Wheat Streak Mosaic Disease Complex Found in the Southern Panhandle

Wheat streak mosaic in field
Figure 1. A grower’s wheat field with severe symptoms of the wheat streak mosaic disease complex in Kimball County on June 15.

Wheat Streak Mosaic Disease Complex Found in the Southern Panhandle

On June 15, at a grower’s request to look at his wheat field in Kimball County, it was determined that the entire field had severe symptoms of the wheat streak mosaic disease complex (Figure 1). This complex consists of three viruses, all of which are transmitted by wheat curl mites (WCMs): wheat streak mosaic virus (WSMV), Triticum mosaic virus (TriMV), and High Plains wheat mosaic virus (HPWMoV). WSMV is the predominant of the three viruses.

Wheat disease on leaf
Figure 2. Close-up of symptoms of the wheat streak mosaic disease complex in the field shown in Figure 1.

Symptoms caused by the three viruses are indistinguishable. Typical symptoms are plant stunting and the development of a yellow mosaic pattern of parallel discontinuous streaks on leaves (Figure 2). Severe infections result in lateral growth of tillers (Figure 3). Severity increases when co-infections occur, and total loss of a wheat crop due to the disease complex is not uncommon.

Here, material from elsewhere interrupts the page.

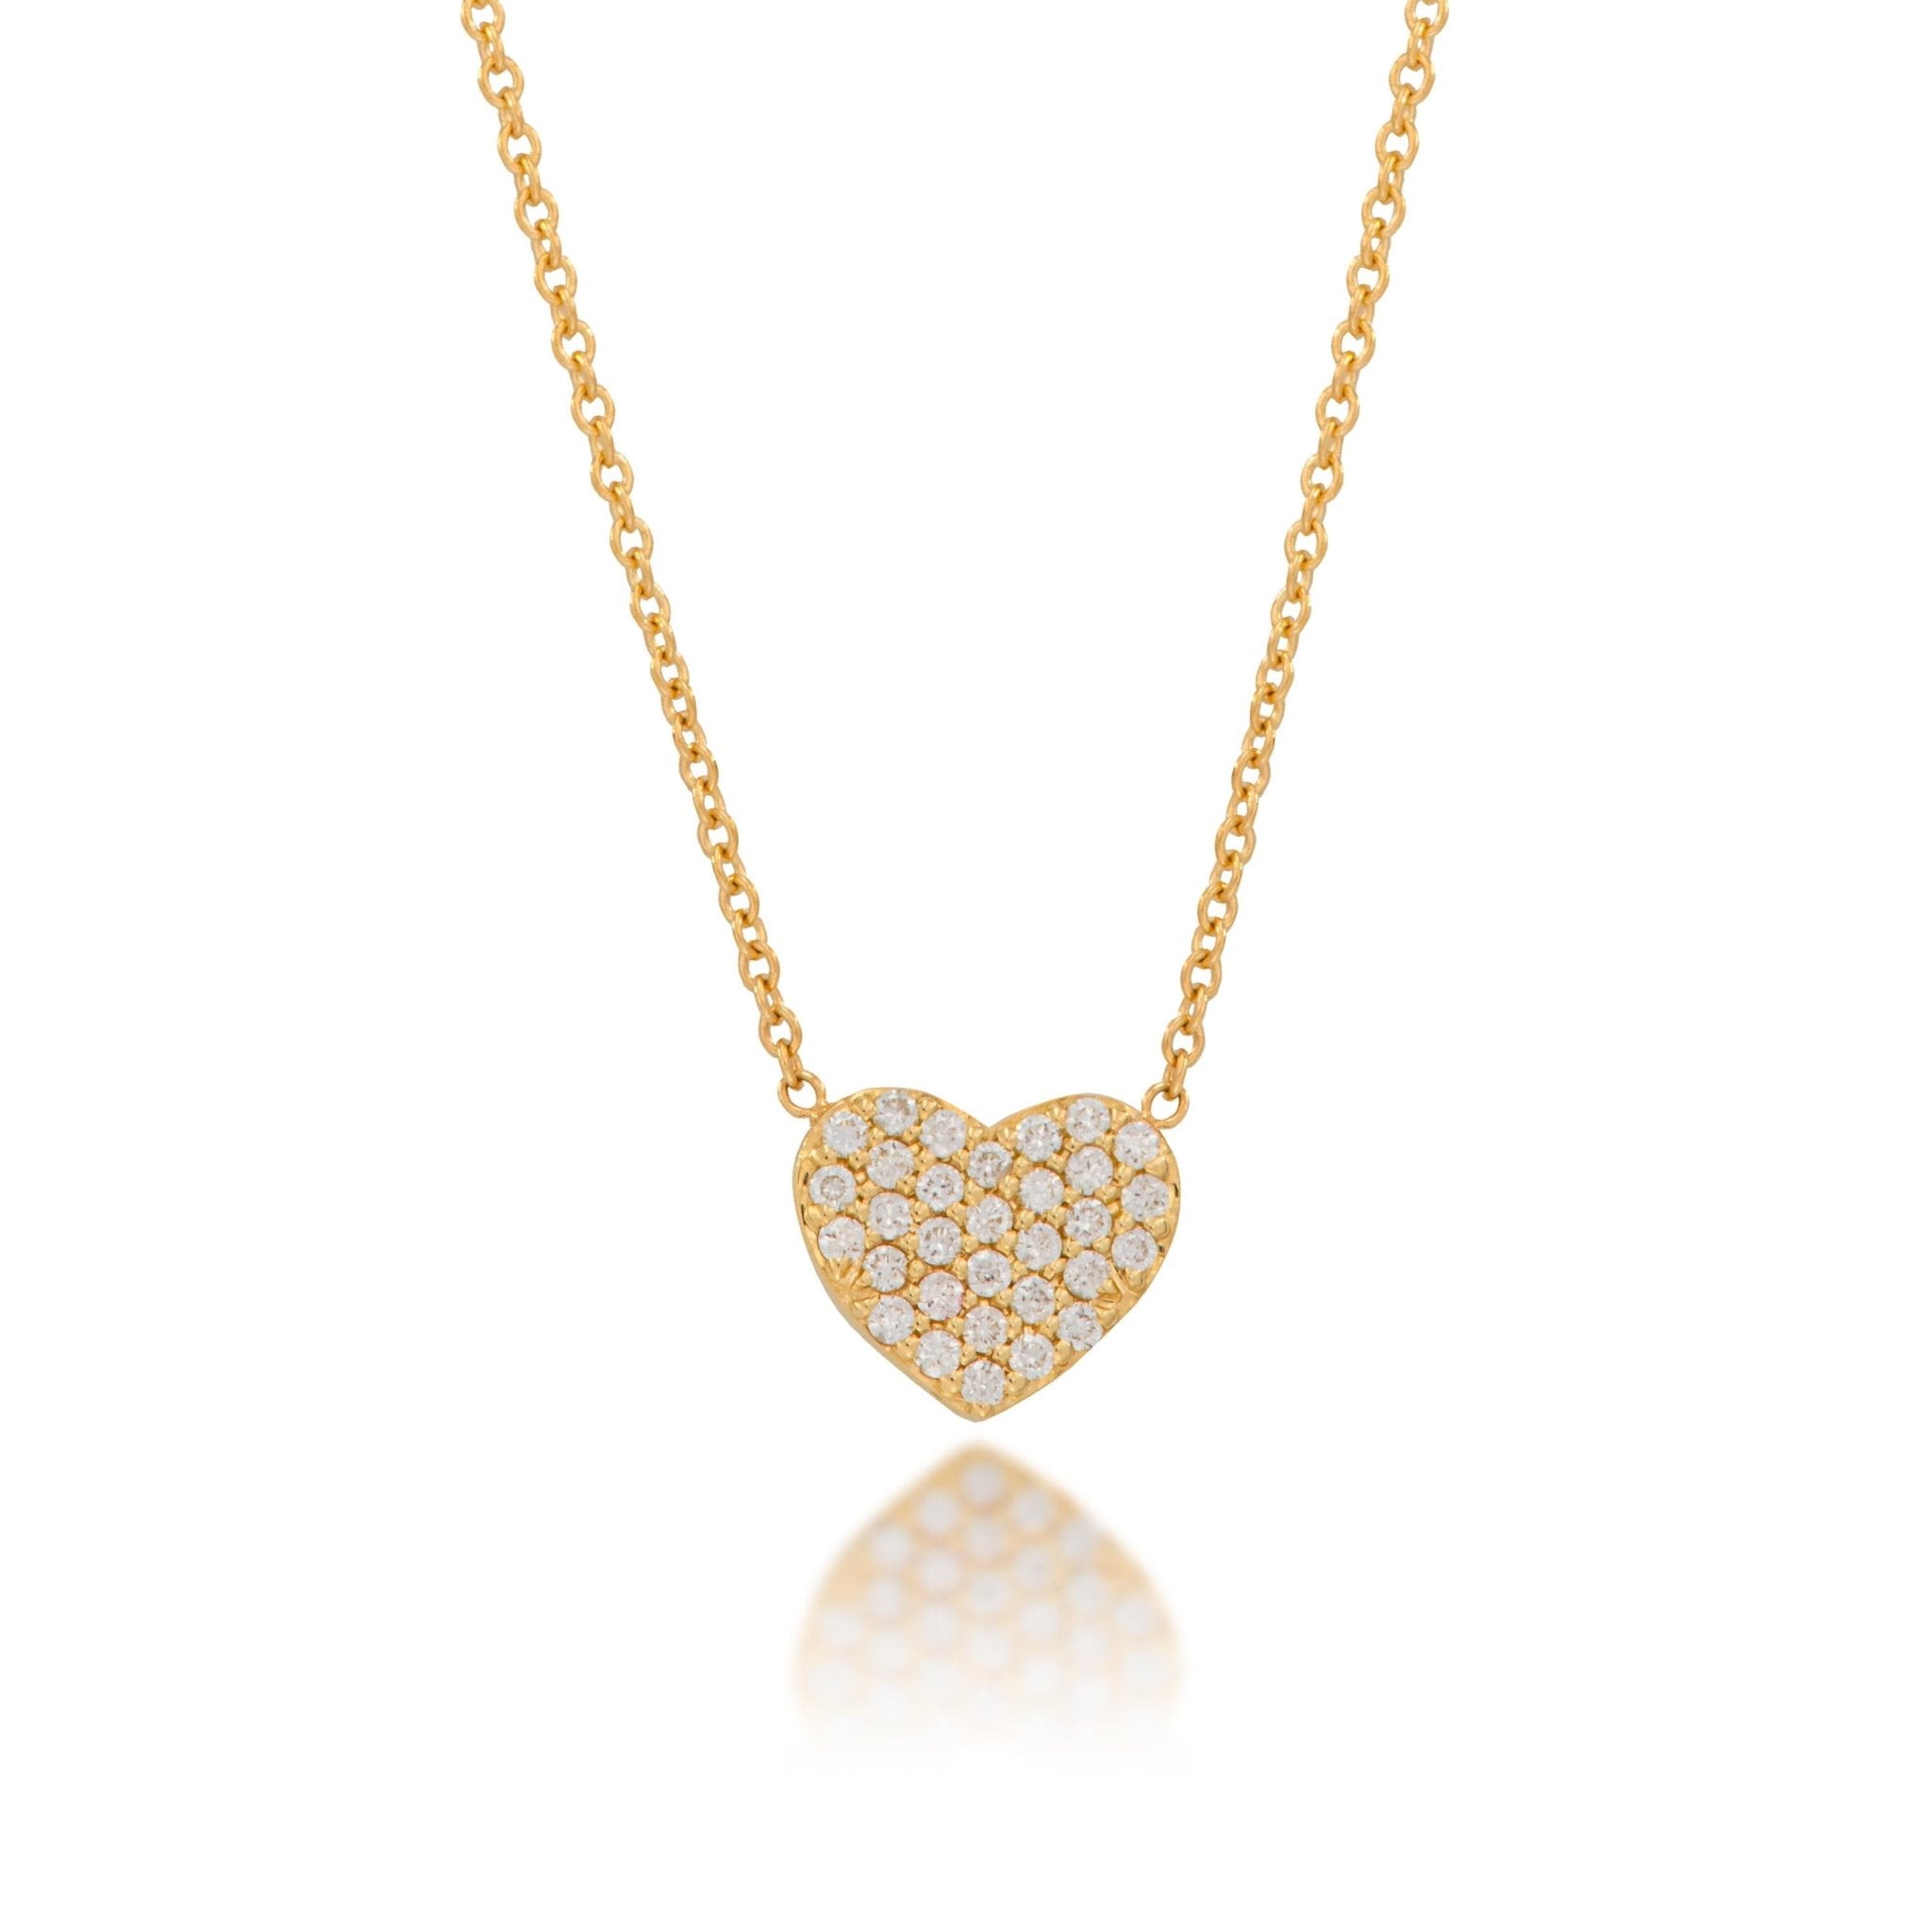 Pave Heart Necklace - Alexis Jae Jewelry

Risk Factors for the WSMV Disease Complex 

  1. The highest risk is volunteer wheat that emerges in wheat fields just before harvest following a hailstorm. The hail shatters grain that is mature enough to germinate.  Following germination, WCMs move from the maturing wheat crop to the young volunteer and both the mites and virus multiply on it throughout the summer. Volunteer wheat in summer crops, such as sunflower, also adds to the risk of WSMV.
  2. Crops or grassy weeds that are hosts of WCMs or WSMV also pose a risk if they are allowed to grow past fall wheat emergence. Crops other than wheat that are hosts of WCMs or WSMV include corn, rye, oats, barley, sorghum and foxtail millet. Grassy weeds that are hosts include jointed goatgrass, downy brome, sandbur, crabgrass, barnyardgrass, stinkgrass, witchgrass and green foxtail.
  3. A cool, wet summer favors growth of volunteer wheat and other hosts of WCMs or WSMV, as well as survival and reproduction of WCMs. It also prolongs the period of growth of summer crops that are hosts of WCMs or WSMV, resulting in the overlap of these crops with fall planting of wheat.
  4. A prolonged fall with above-normal temperatures. During such a fall, WCMs as well as WSMV remain active, reproduce and spread for a longer time and at higher levels compared to a normal fall, causing severe damage to the wheat crop. This damage is exacerbated if a warm fall is followed by a mild winter.
  5. Early planting of wheat poses significant WSMV risk. It allows more time for WCMs to infest wheat, multiply on it and transmit WSMV to it, as well as more time for WSMV to multiply within the wheat crop during favorable warmer temperatures.
Wheat disease on leaf
Figure 3. Stunting and lateral growth of wheat tillers resulting from severe infection by the wheat streak mosaic disease complex in the field shown in Figure 1.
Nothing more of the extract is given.